В США указами вступившего во власть президента назначаются не только директора известных на весь мир Центрального разведывательного управления, Федерального бюро расследований, Агентства национальной безопасности, но и директор Национального противоракового центра.
— Считаете, что главный онколог страны должен назначаться указом президента?
— Необходимо создать федеральную онкологическую службу, за работу которой отвечал бы не Минздрав (это ведомство никогда ни за что не отвечало), а обладающий определенными полномочиями конкретный руководитель, координирующий работу региональных центров. На нем персональная ответственность за внедрение единых проверенных практикой технологий, контроль за качеством и применение современных методов лечения, за адекватное финансирование. Черт возьми, готовясь к сложной операции, врач-онколог часто должен посоветоваться со своими коллегами, позвонить в Москву, в Санкт-Петербург! Увы, во многих больницах заветную междугородную «восьмерку» со служебного телефона набрать нельзя — отключена за неуплату либо просто заблокирована. Если подотчетную президенту вертикаль власти удалось создать в системе государственного управления, в силовых структурах, что мешает использовать накопленный опыт в онкологии?
Этого пока не предвидится. Здравоохранение в регионах финансируется из региональных бюджетов. А кто платит, тот заказывает музыку, как в бардаке. Никто не хочет понять, что от онкологических заболеваний в мире погибают два человека в минуту. Точнее, один труп в 32 секунды. Причем речь идет только об официально подтвержденных врачами случаях. При этом многие скончавшиеся — дети. Спасать обреченных на смерть детей — наша повседневная работа. Но ею мало кто интересуется.
— После очередной встречи с очередным чиновником у вас руки во время операции не трясутся?

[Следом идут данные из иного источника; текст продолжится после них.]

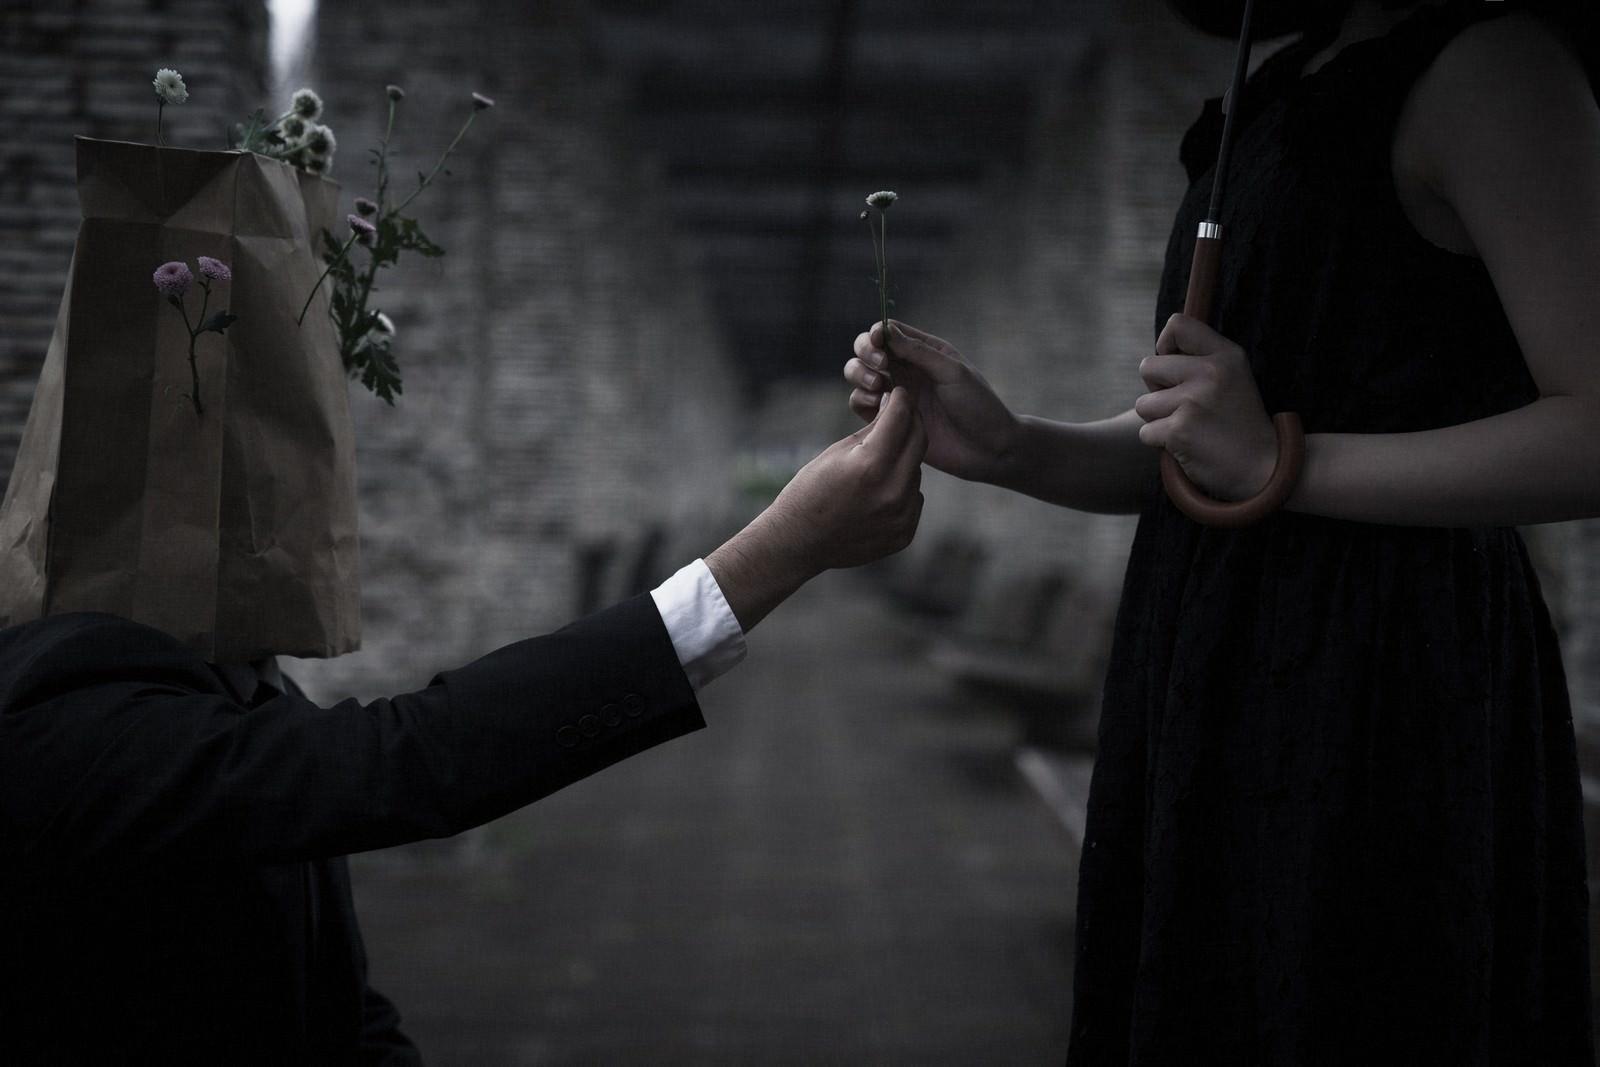 「お花あげます(告白)」の写真

— Нет, сказывается боксерская и хирургическая подготовка, служба в Воздушно-десантных войсках, все уравновешено. Здесь ведь одно из двух: либо, вооружившись скальпелем, спасаешь жизнь человеку, либо раздумываешь о перспективах общения с вышестоящим чиновником. Я всегда выбираю первое.

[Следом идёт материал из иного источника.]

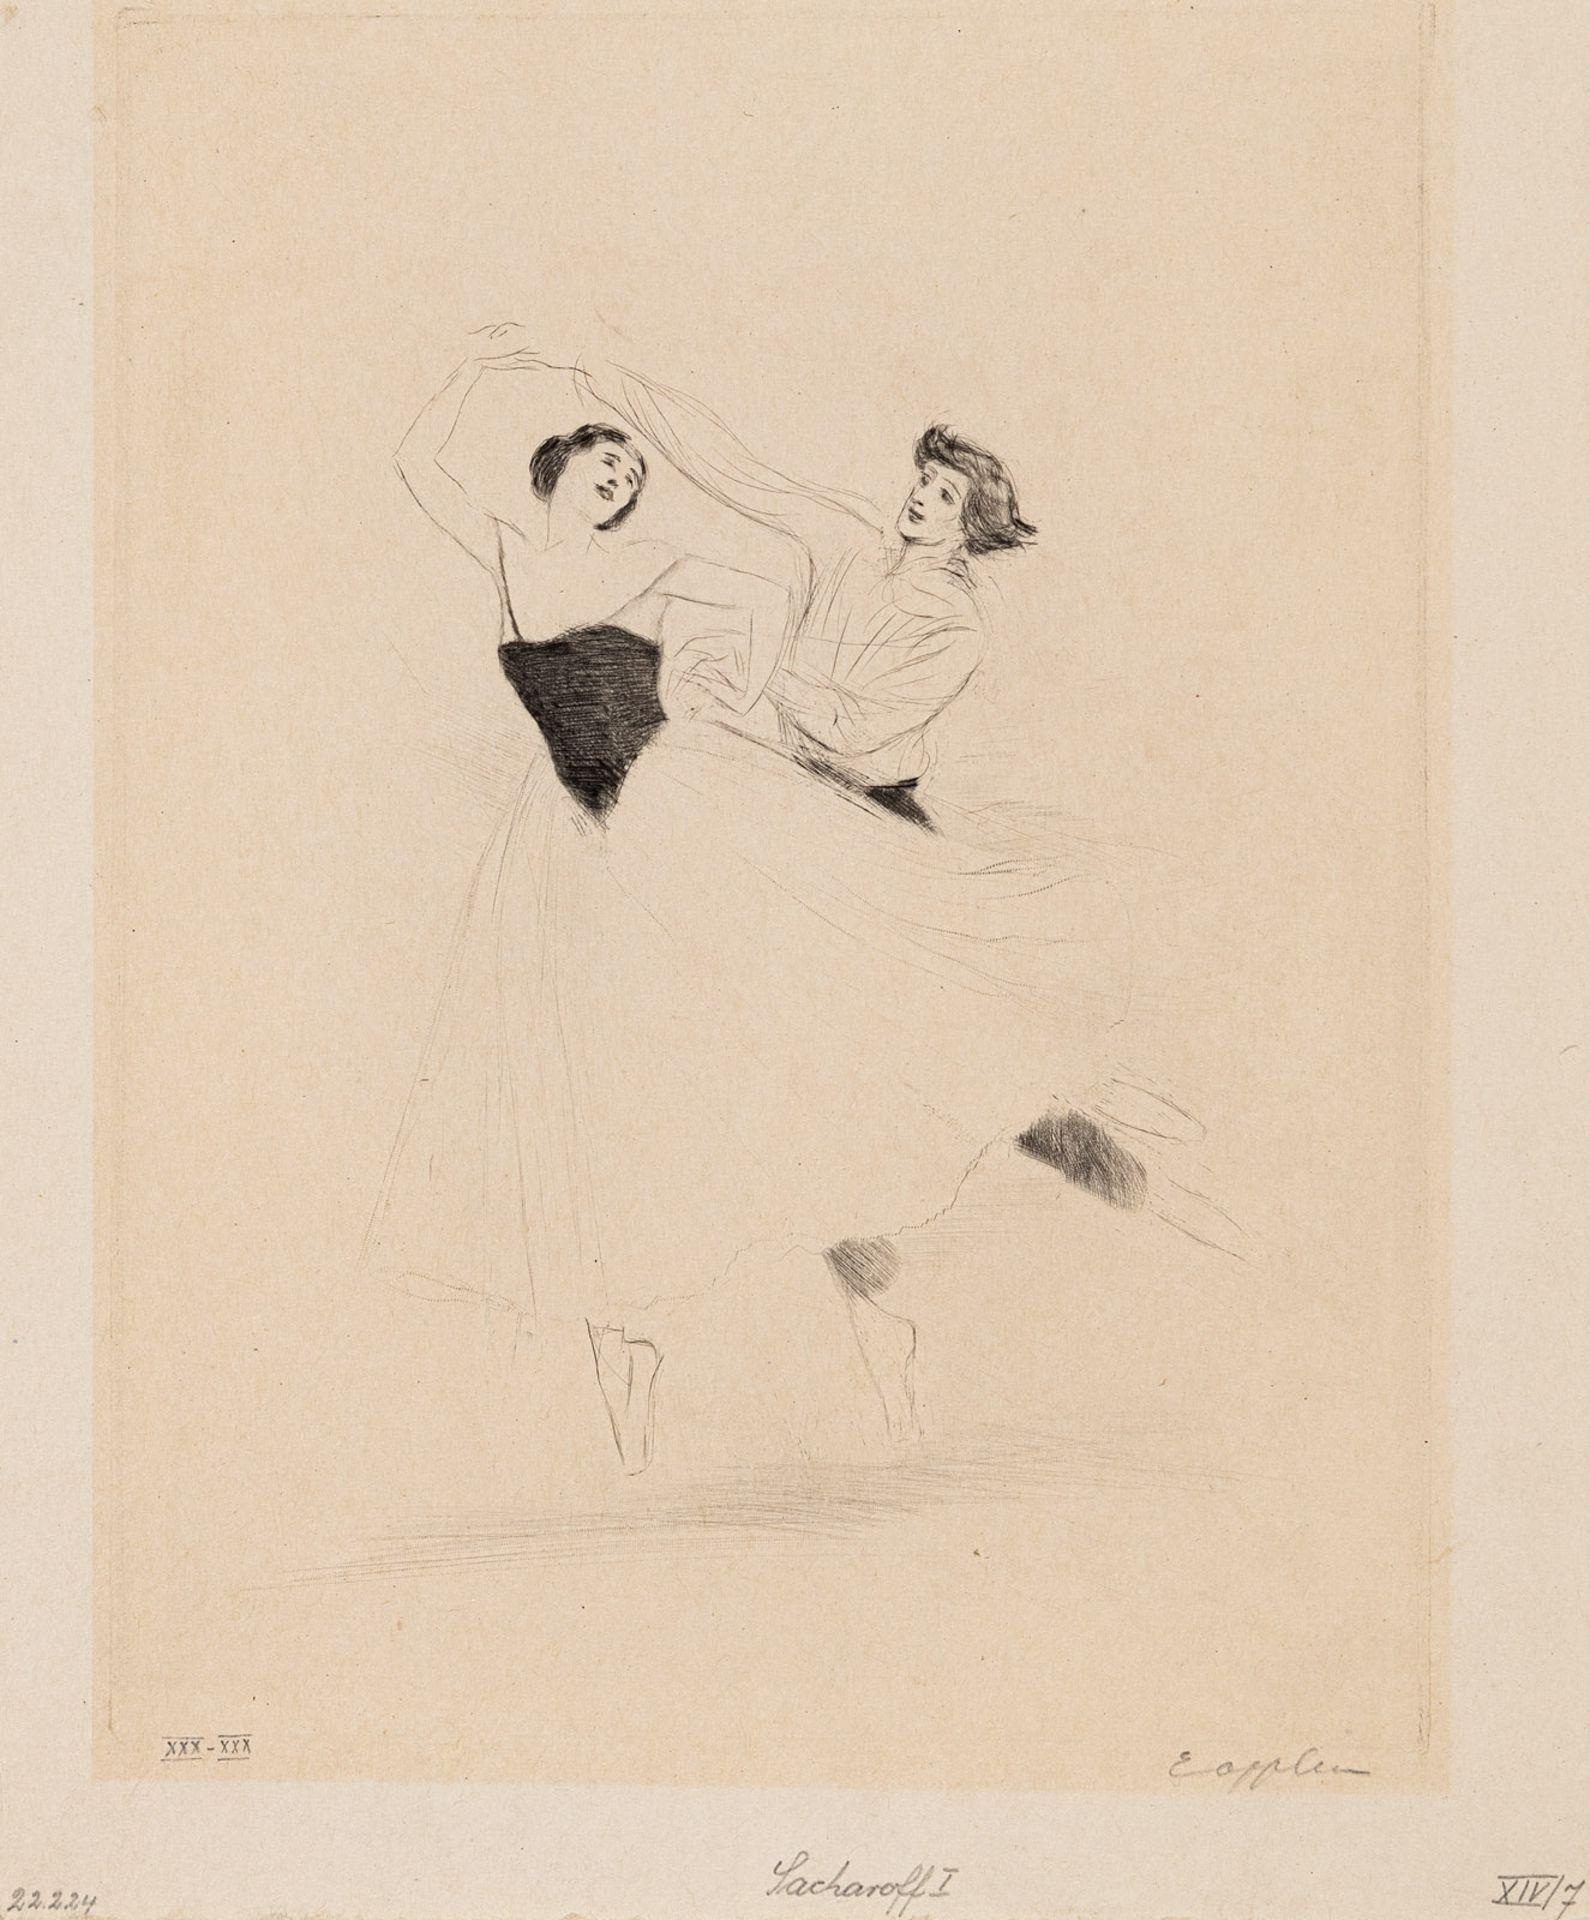 Oppler, Ernst - Image 2 of 9

— Судя по объявлениям, прикрепленным у входа в РОНЦ, онкологические заболевания можно лечить и знахарскими методами...
— Обман чистой воды. До сих пор ни одного вылеченного знахарем больного ни я, ни мои зарубежные коллеги не видели. Шарлатаны, спекулирующие на чужом горе, — это трагедия национального масштаба.
Многие больные приходят с запущенной формой рака именно потому, что в течение долгого времени занимались лечением у колдунов и знахарей. Думаю, что примерно половина онкологических больных пытается пролечиться вначале у знахарей.
— А потом приходят к вам?
— Если у пациента закончились деньги, очеред-ной знахарь моментально откажет ему в своих услугах. Сошлется на «божью волю», на расположение планет
— не время, мол, рак лечить. Тогда пациент обращается к настоящим врачам. И тут выясняется, что уже слишком поздно...

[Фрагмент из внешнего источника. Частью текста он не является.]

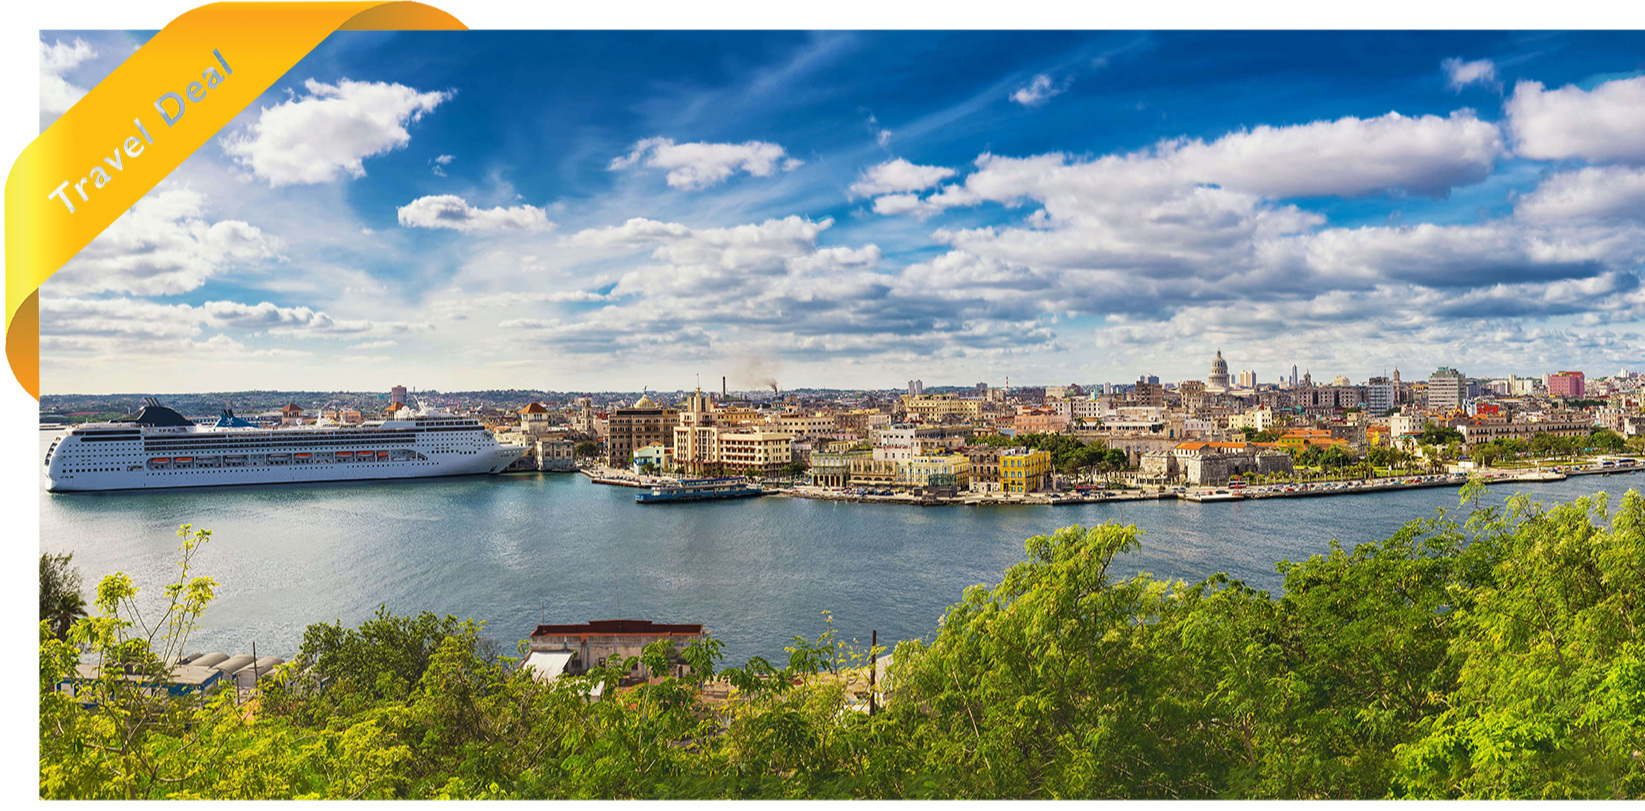 havana_port_cuba_cruise.jpg

— Вы администратор или хирург?
— Я хирург, поэтому легко переношу административные перегрузки. Администрирование абсолютно не мешает мне в хирургии. С утра я даю команды, выполнять которые необходимо. Из операционной выхожу в три часа дня и начинаю работать администратором. Но при этом меня раз 5—6 вызовут посмотреть тяжелых больных. И тут я включаюсь как консультант, хирург, профессионал. В центре меня больше уважают как хирурга, а не как директора. Доктор зайдет ко мне посоветоваться о больном, и мне это греет душу, потому что я чувствую себя нужным.
***
ДАВЫДОВ Михаил Иванович Родился 11 октября 1947 года в г. Конотоп (УССР).
Служил в Воздушно-десантных войсках.
Окончил 1-й Московский медицинский институт имени И.М. Сеченова.
Президент Российской академии медицинских наук, возглавляет Российский онкологический научный центр имени академика Н.Н. Блохина, академик Российской академии наук.